Problem to solve:
Could you give back exactly the lines below from the one with "University of Arizona Logo Image." through the one with "PANTONE 4207 C - Triadic Color Palette", without a single picture?

Dataset content:
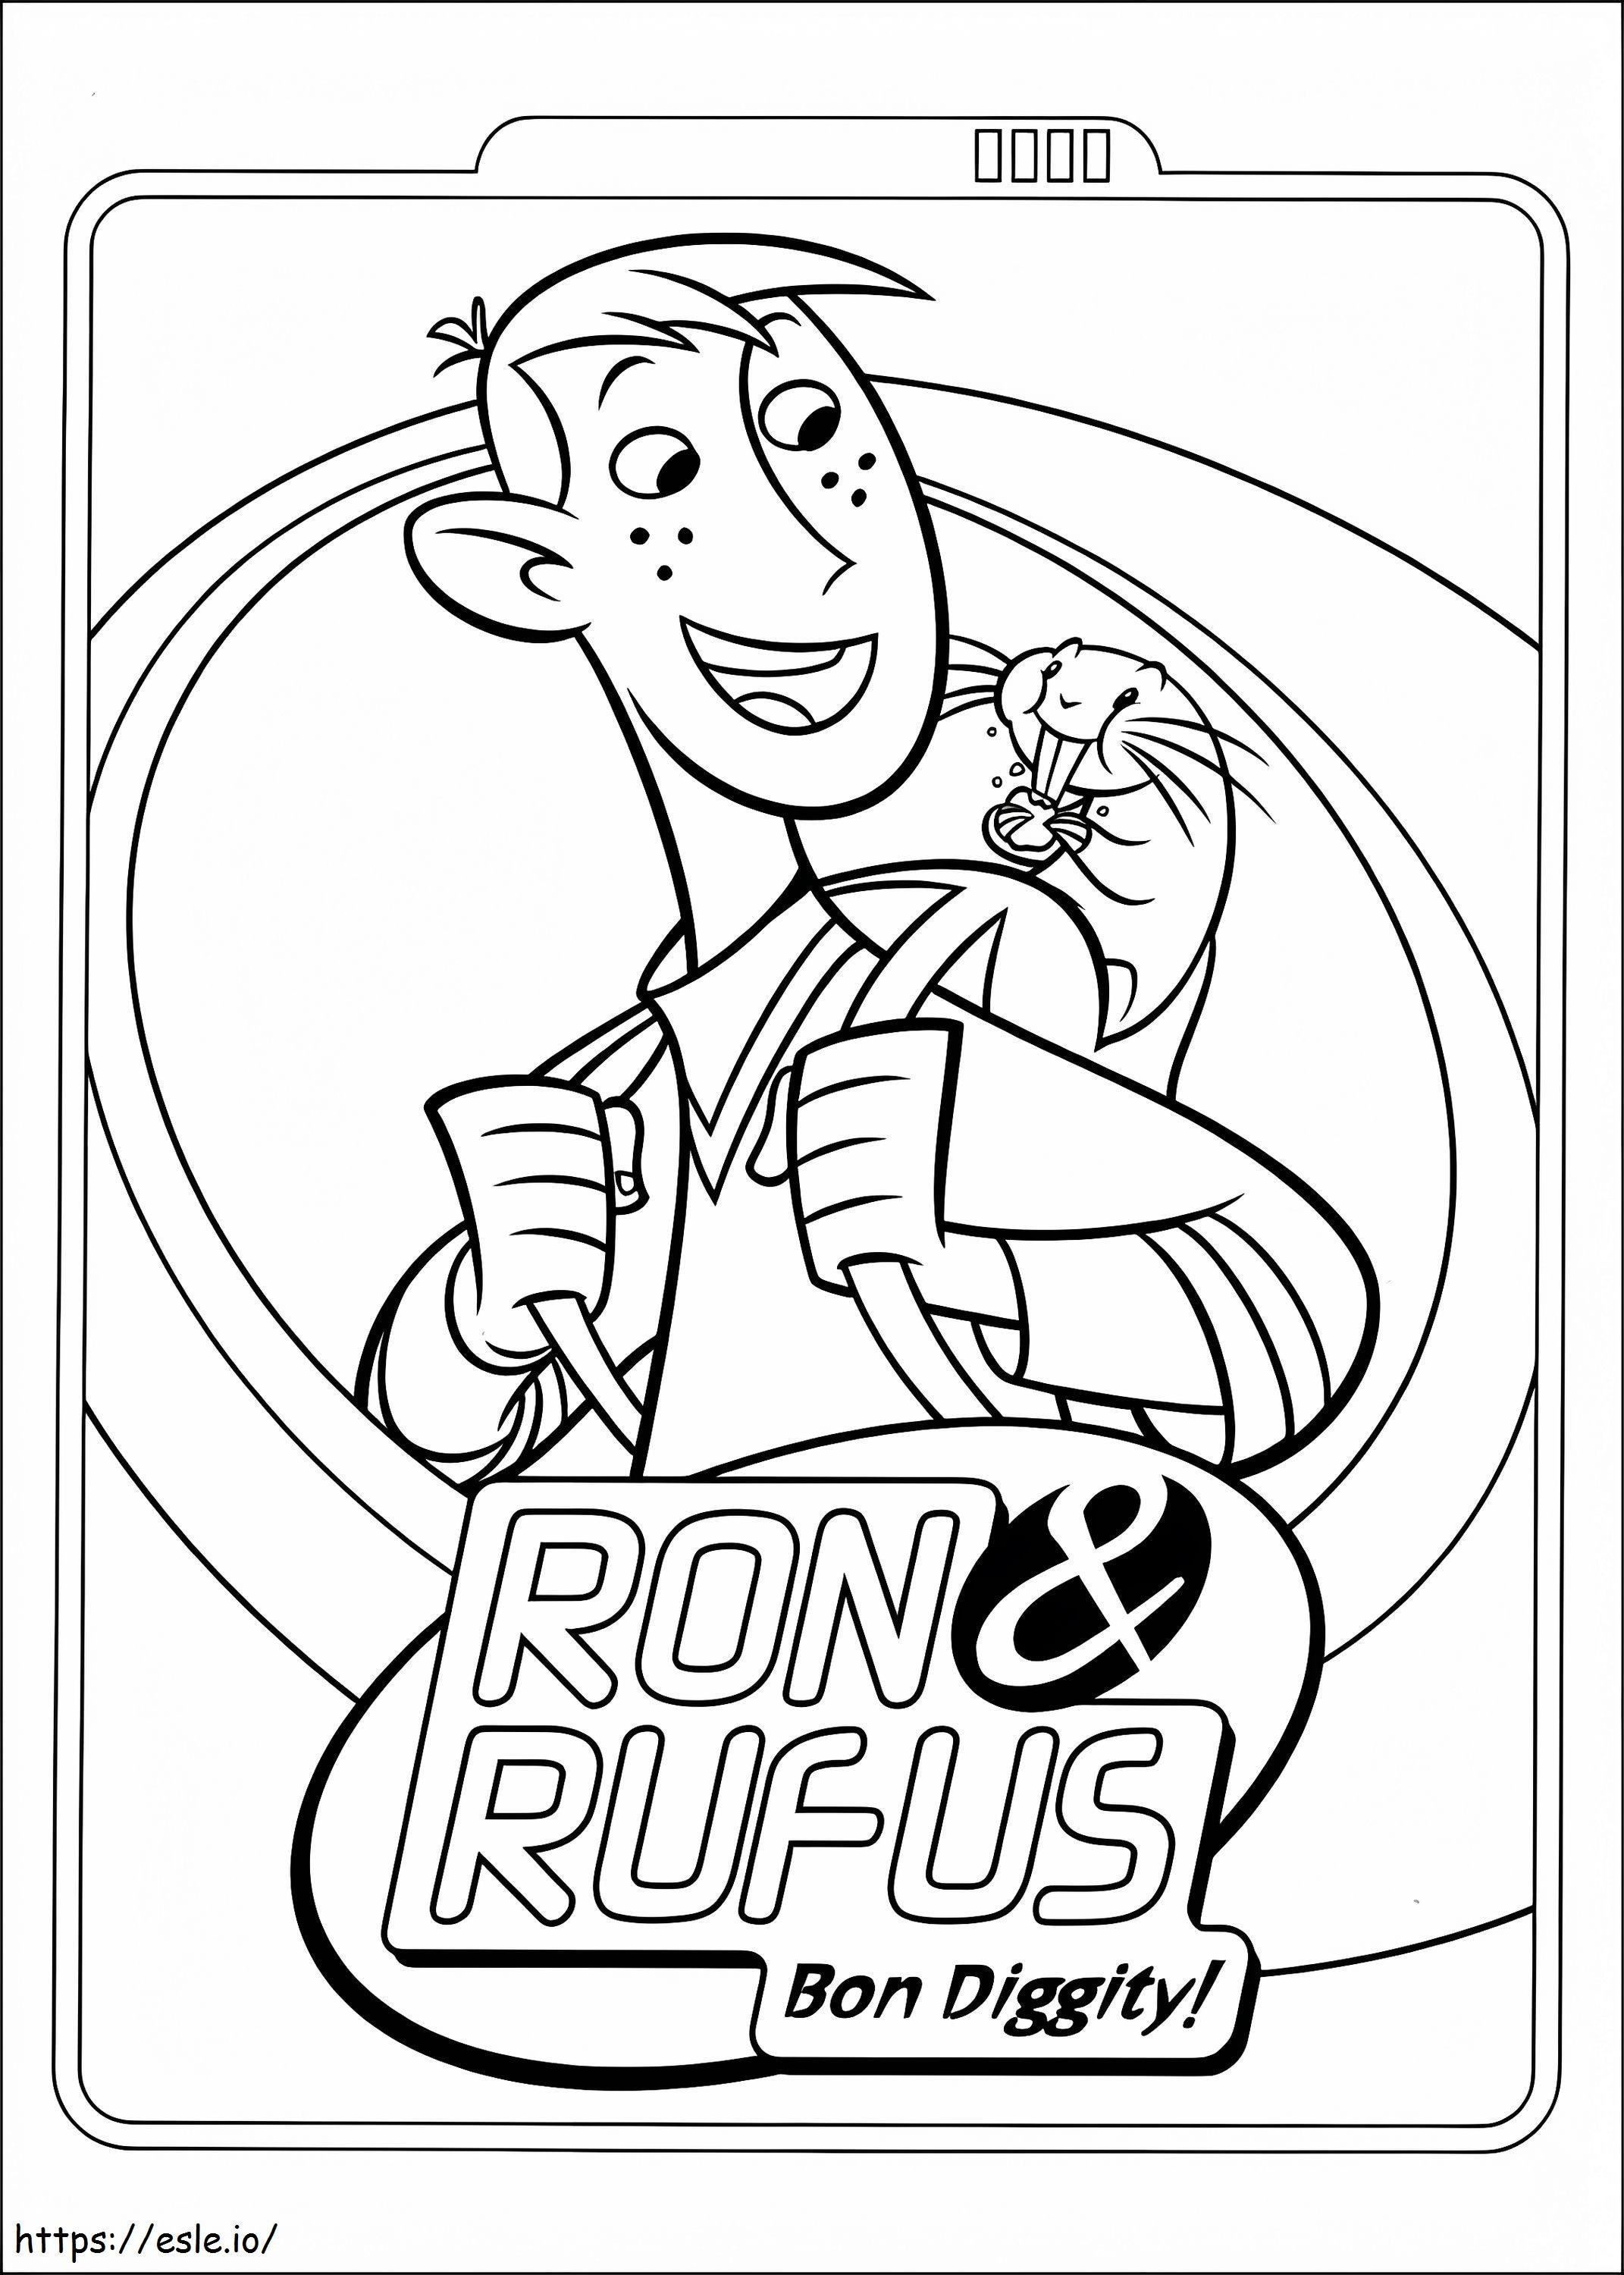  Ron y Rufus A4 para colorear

---

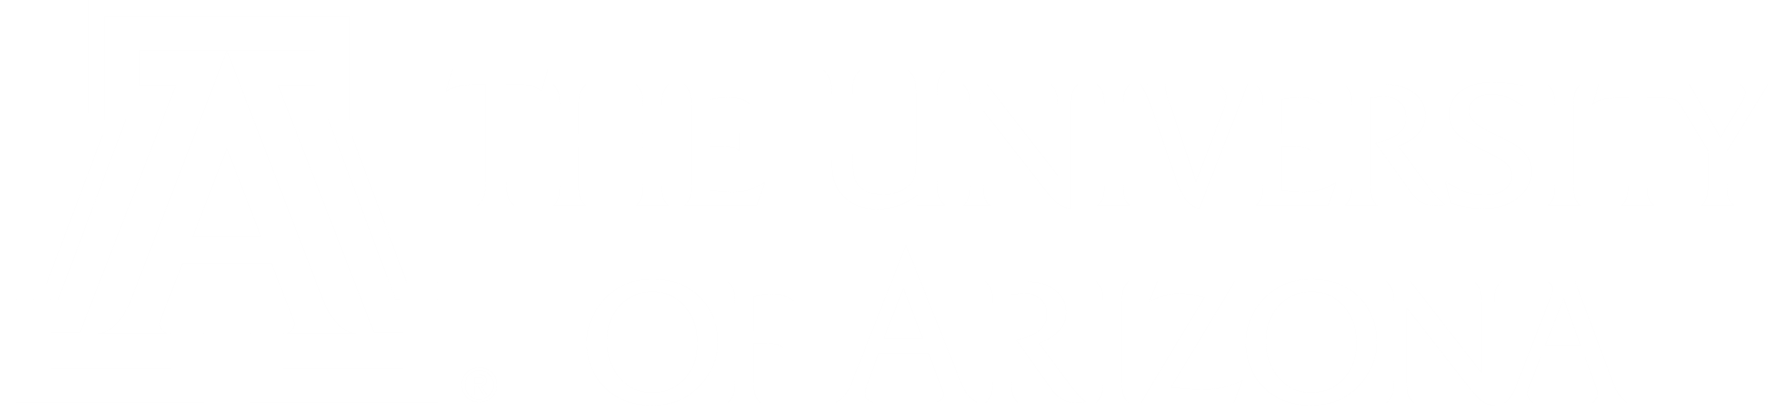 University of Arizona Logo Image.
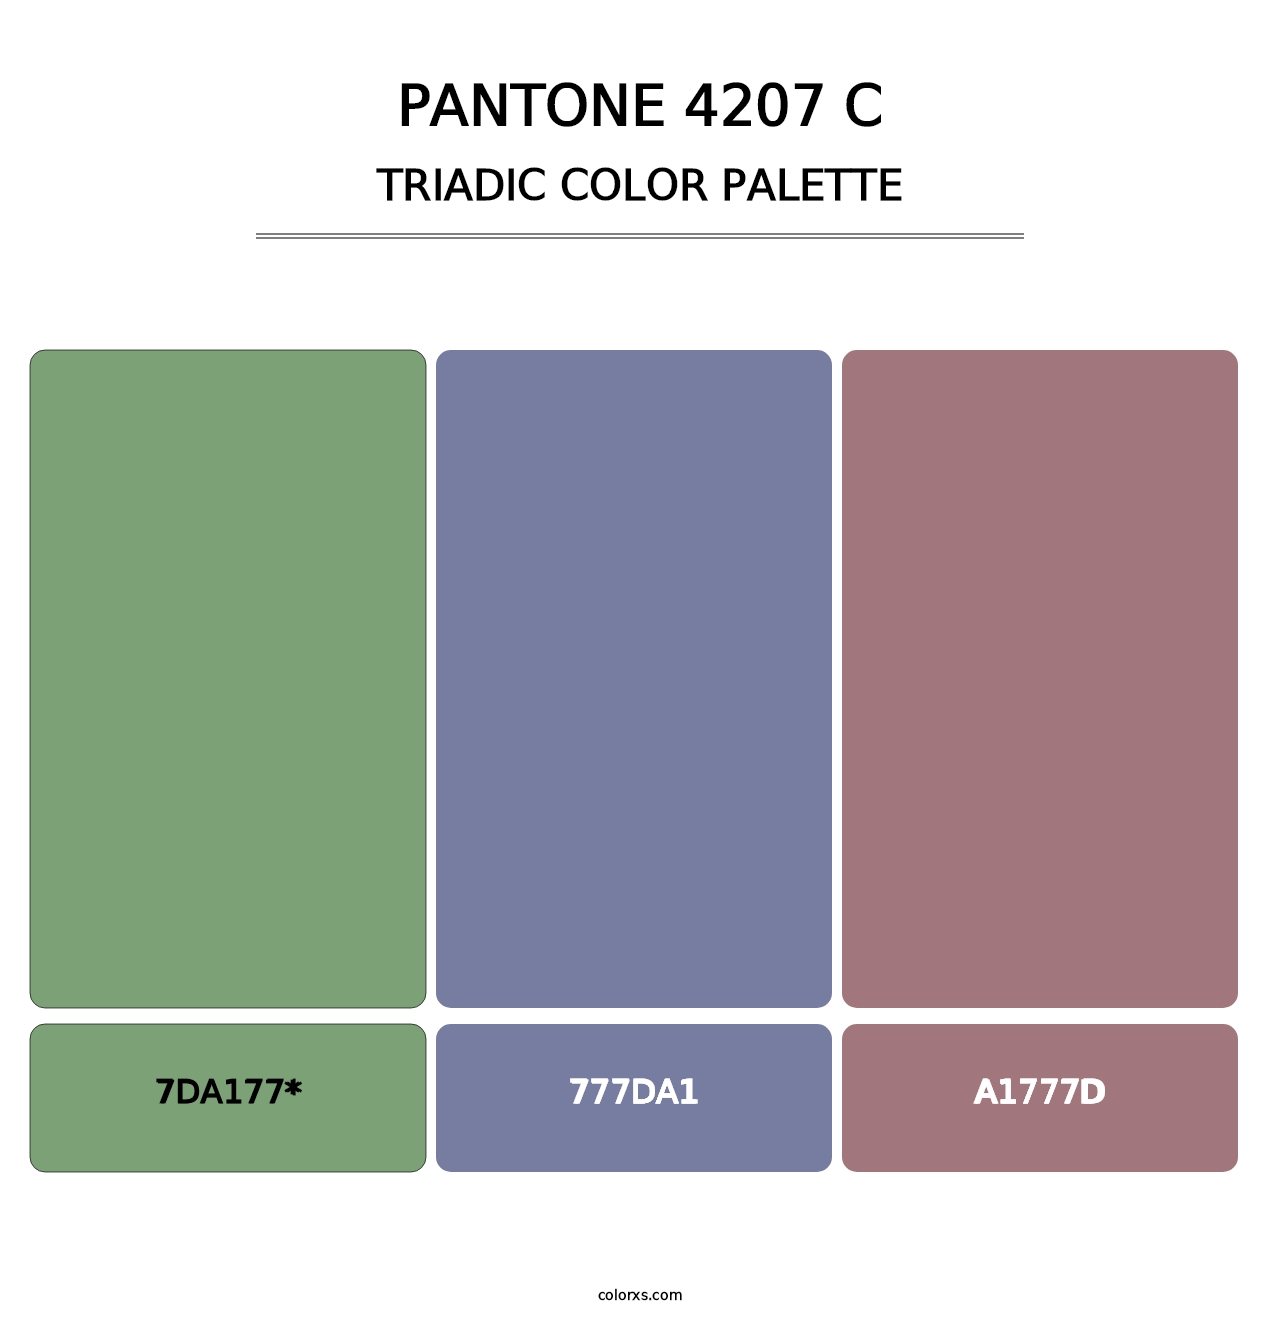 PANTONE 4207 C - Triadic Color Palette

Task result:
 University of Arizona Logo Image.
 PANTONE 4207 C - Triadic Color Palette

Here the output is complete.